Getting time with a VC to talk about investing is one of the most important meetings an entrepreneur can have. Going in unprepared is a huge mistake—in fact, we view it as a proxy for the level of work, effort, and due diligence the entrepreneur will do when they meet with potential new customers. It’s an almost immediate deal killer for us if the entrepreneur comes into a meeting unprepared and didn’t take the time to look at our website to understand who we are, what our investment thesis is, and what our hot buttons are.

“I just want to grow it fast and then flip it quickly.”

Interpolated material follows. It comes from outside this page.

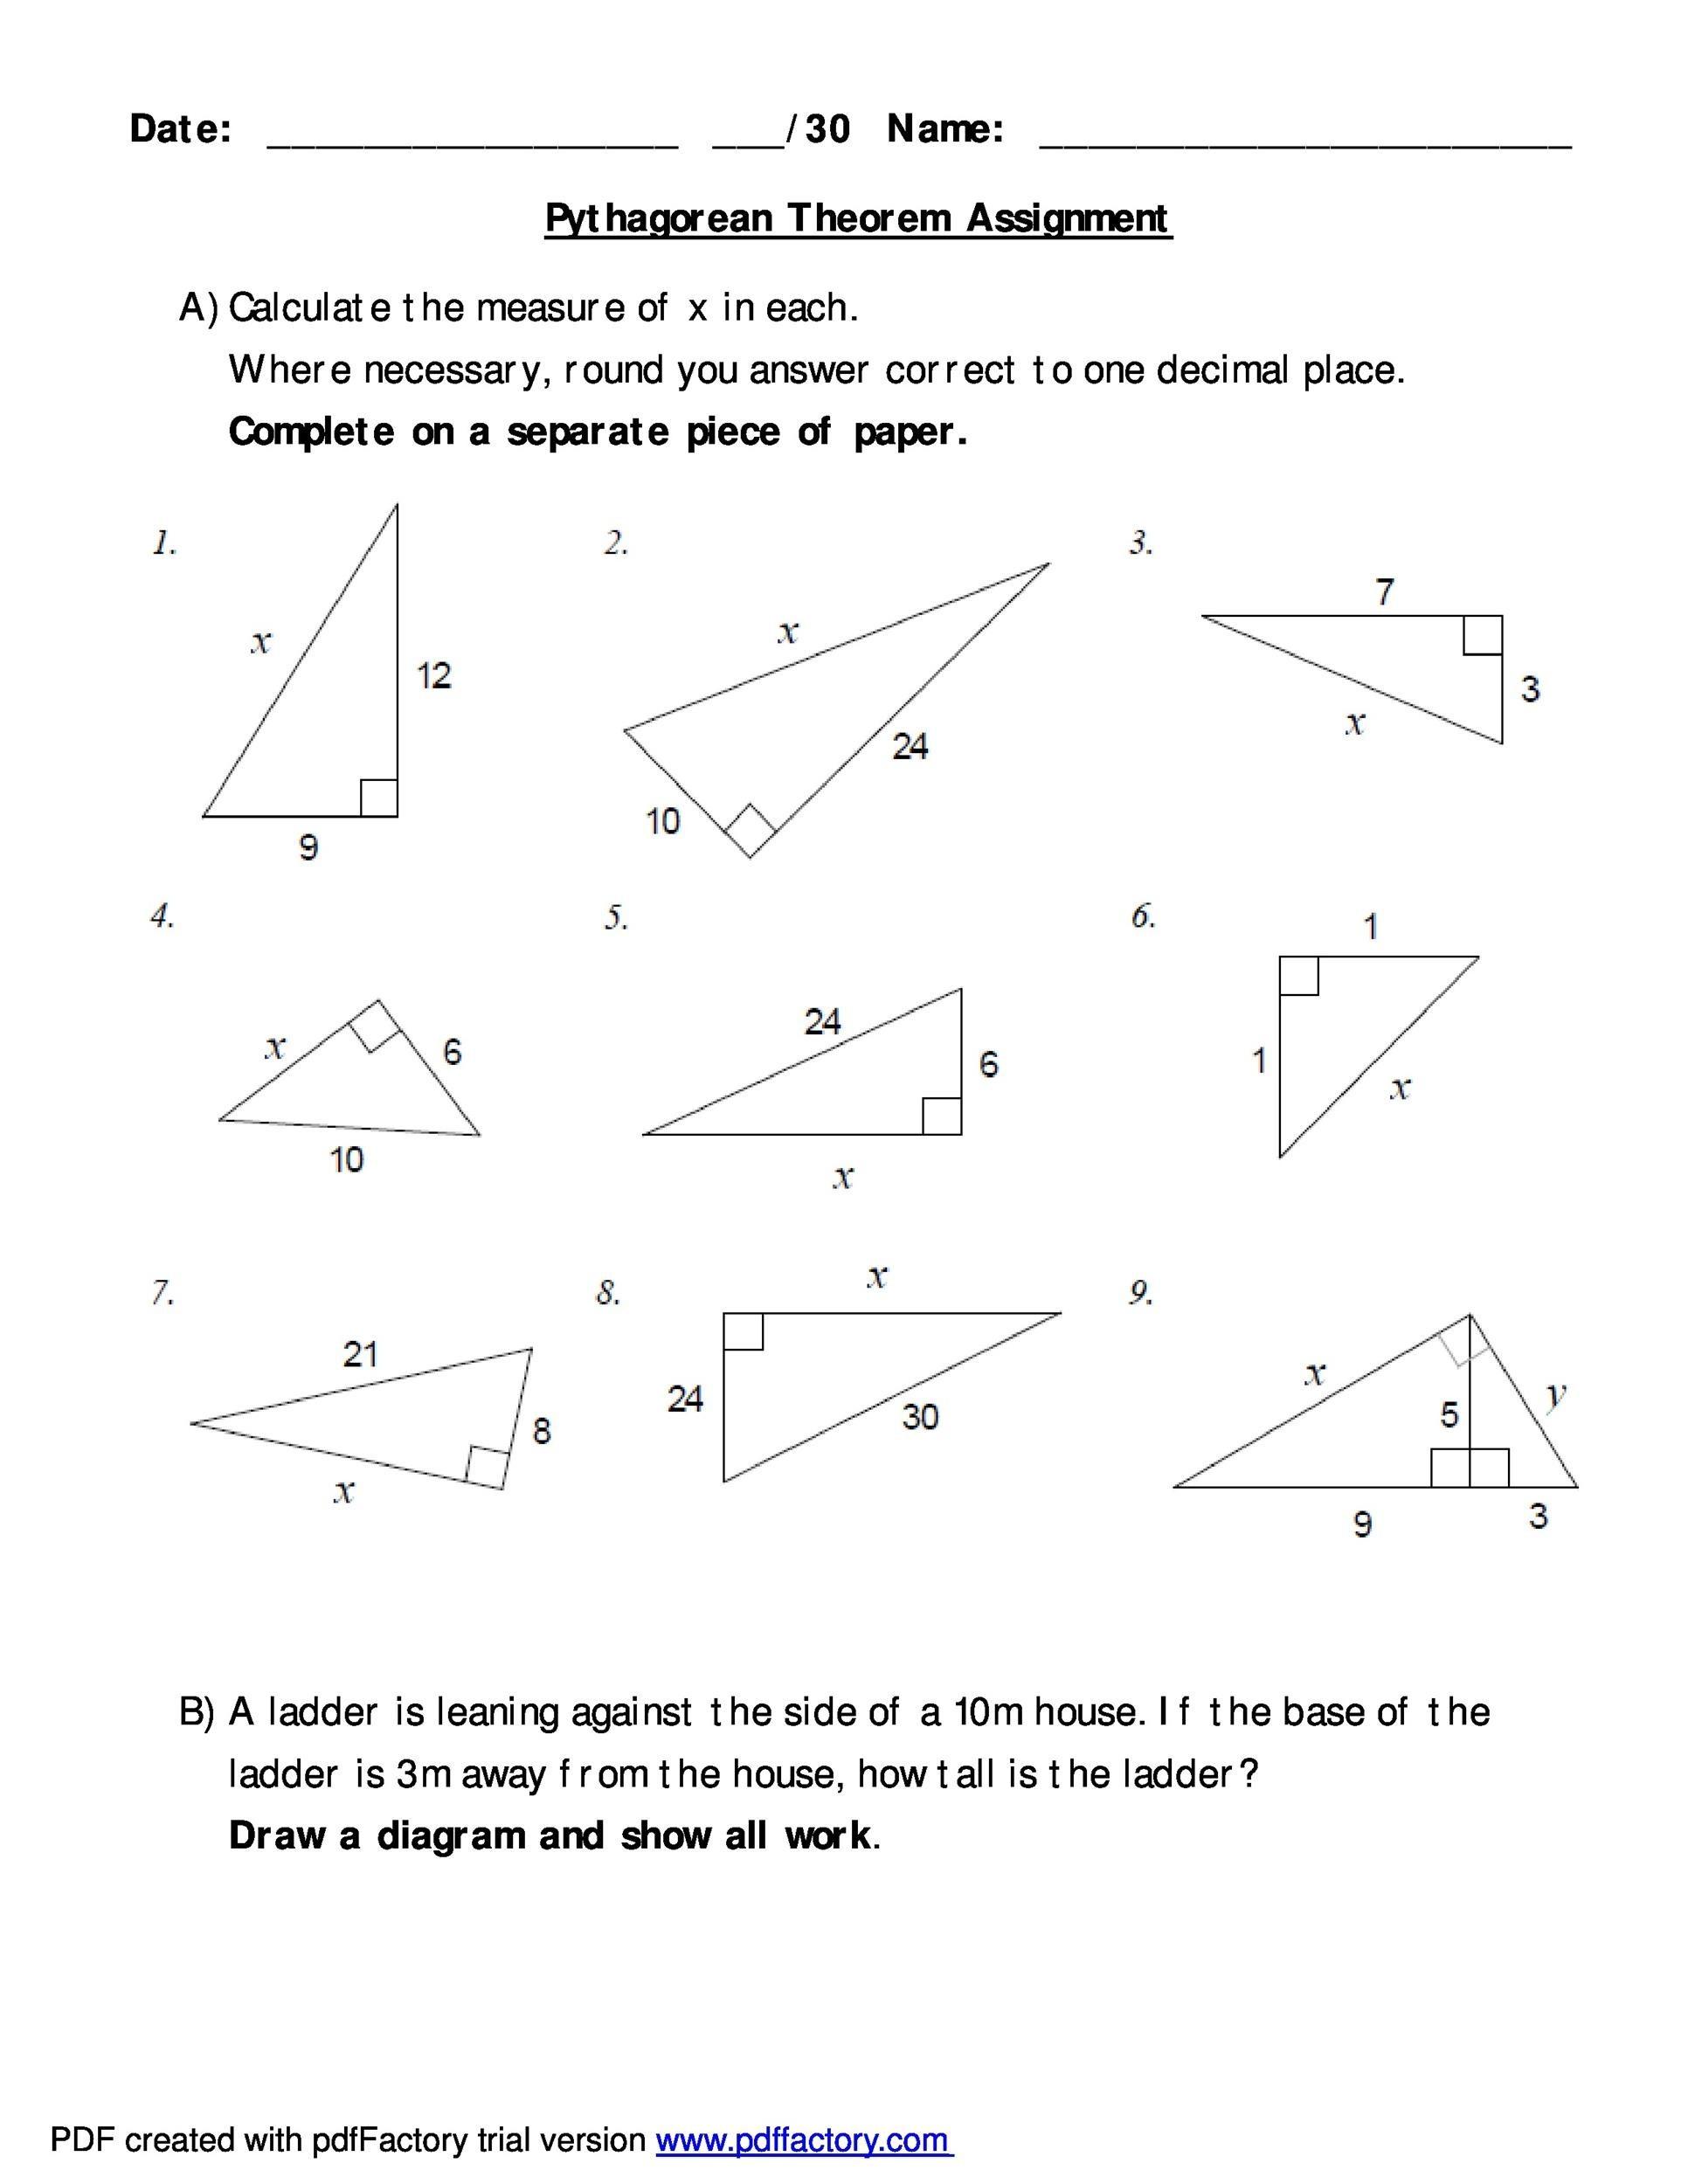 Workbooks pythagorean theorem worksheets pdf : Pythagorean Theorem Word Problems Worksheet - 28 templates ...

This may sound paradoxical since we are in the business of making money for our limited investors, but we are looking to invest in entrepreneurs who have a deeper sense of purpose, mission, and the rock-solid belief that if you put your head down and build a great company, then eventually good things will come. We believe in the servant leader who puts the needs of their customers, employees, and shareholders first. Yes, we want to invest in entrepreneurs who are motivated by making a lot of money, but who want to do it the old-fashioned way: by earning it—building a great company on a solid foundation.

“You’re wrong.”

This is my all-time favorite dis an entrepreneur can say to a potential investor. I remember back in the late ‘90s when entrepreneurs would pitch me an unproven concept and look me in the eye with a straight face and ask for a $25 million valuation without any revenue—because that was “market.” And when I said no, I heard, “Oh you’re just a dumb VC and don’t understand the Internet…”

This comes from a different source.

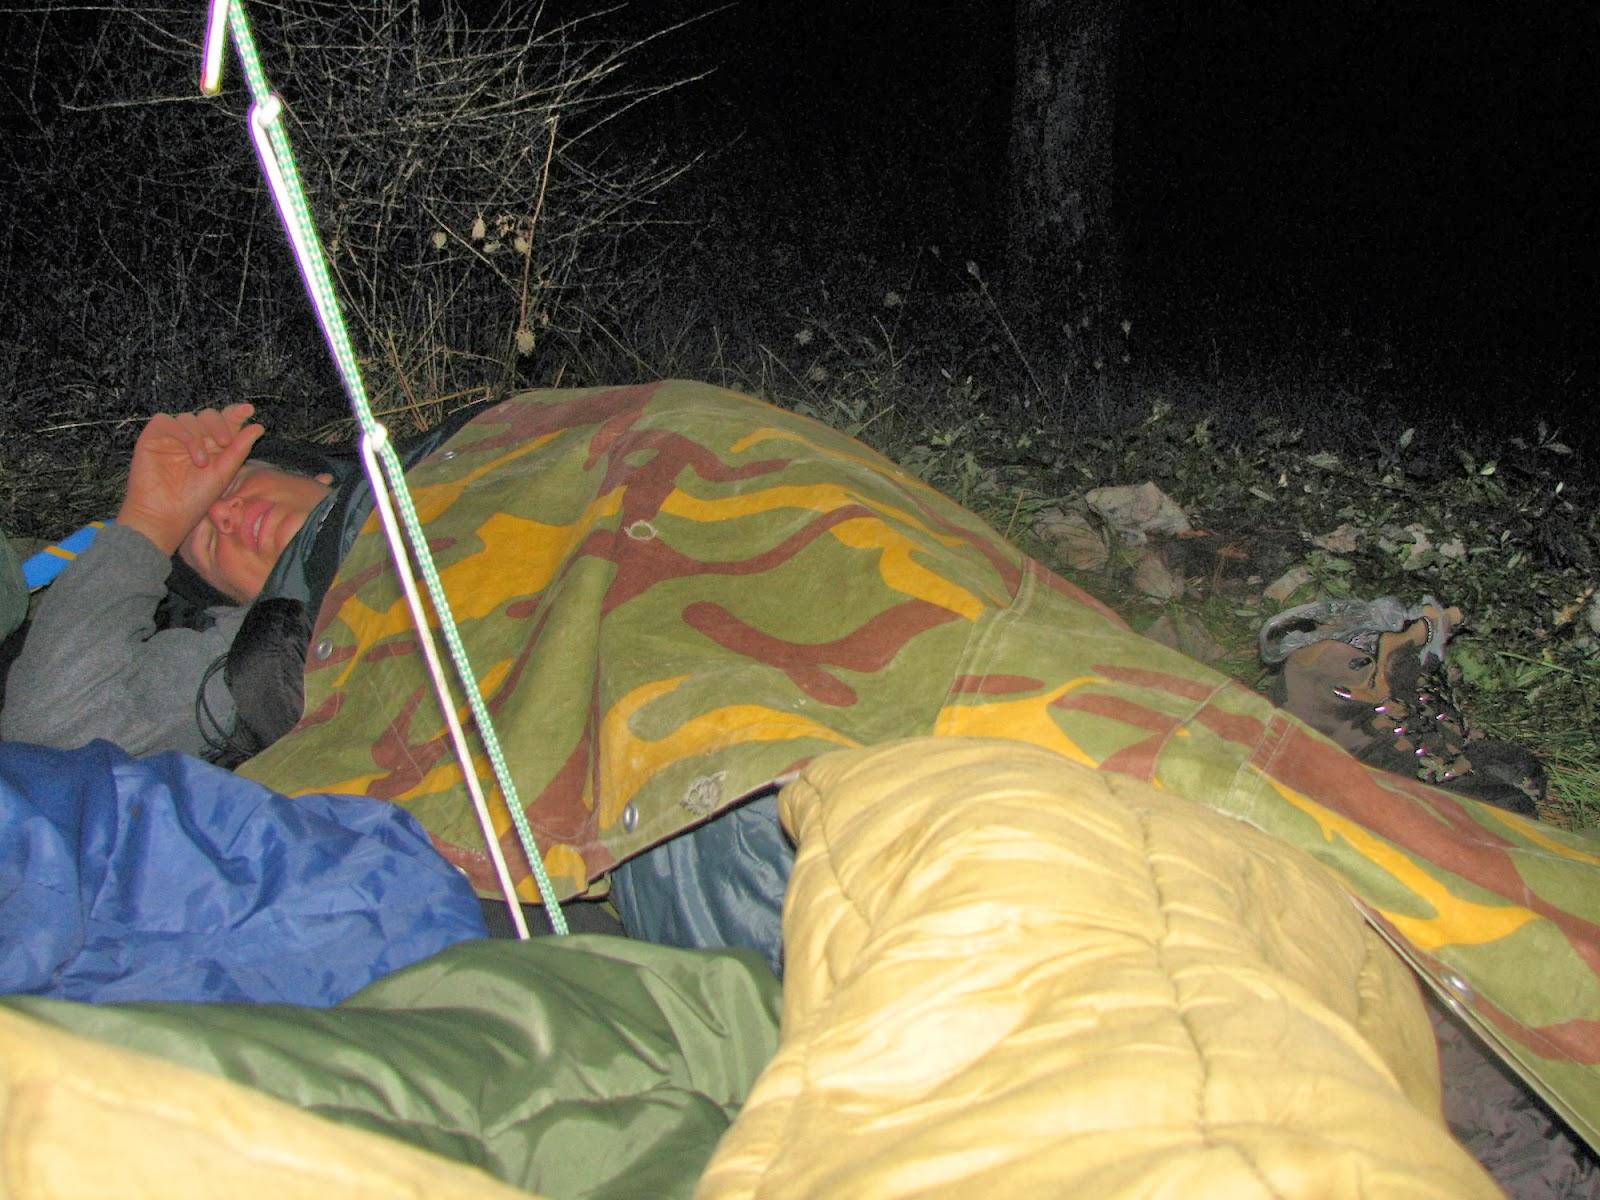 Prehod PP, Ilirska Bistrica 2005 - picture%2B099.jpg

There are many famous cases where the investor is actually wrong. Doing something cutting edge and visionary is truly hard to sell, and many investors are risk avoiders—not risk takers. That said, the question is: Are you optimizing for the short term or the long term? It’s a small world out there. You never know when you might interact with the potential investor again, whether later in your company cycle or for your next venture. You should be nurturing relationships, not ending them. While it’s true that we may just not get it, it’s more likely that we do, and that we can share some hard-fought wisdom with you—provided you are open to hearing it and learning together.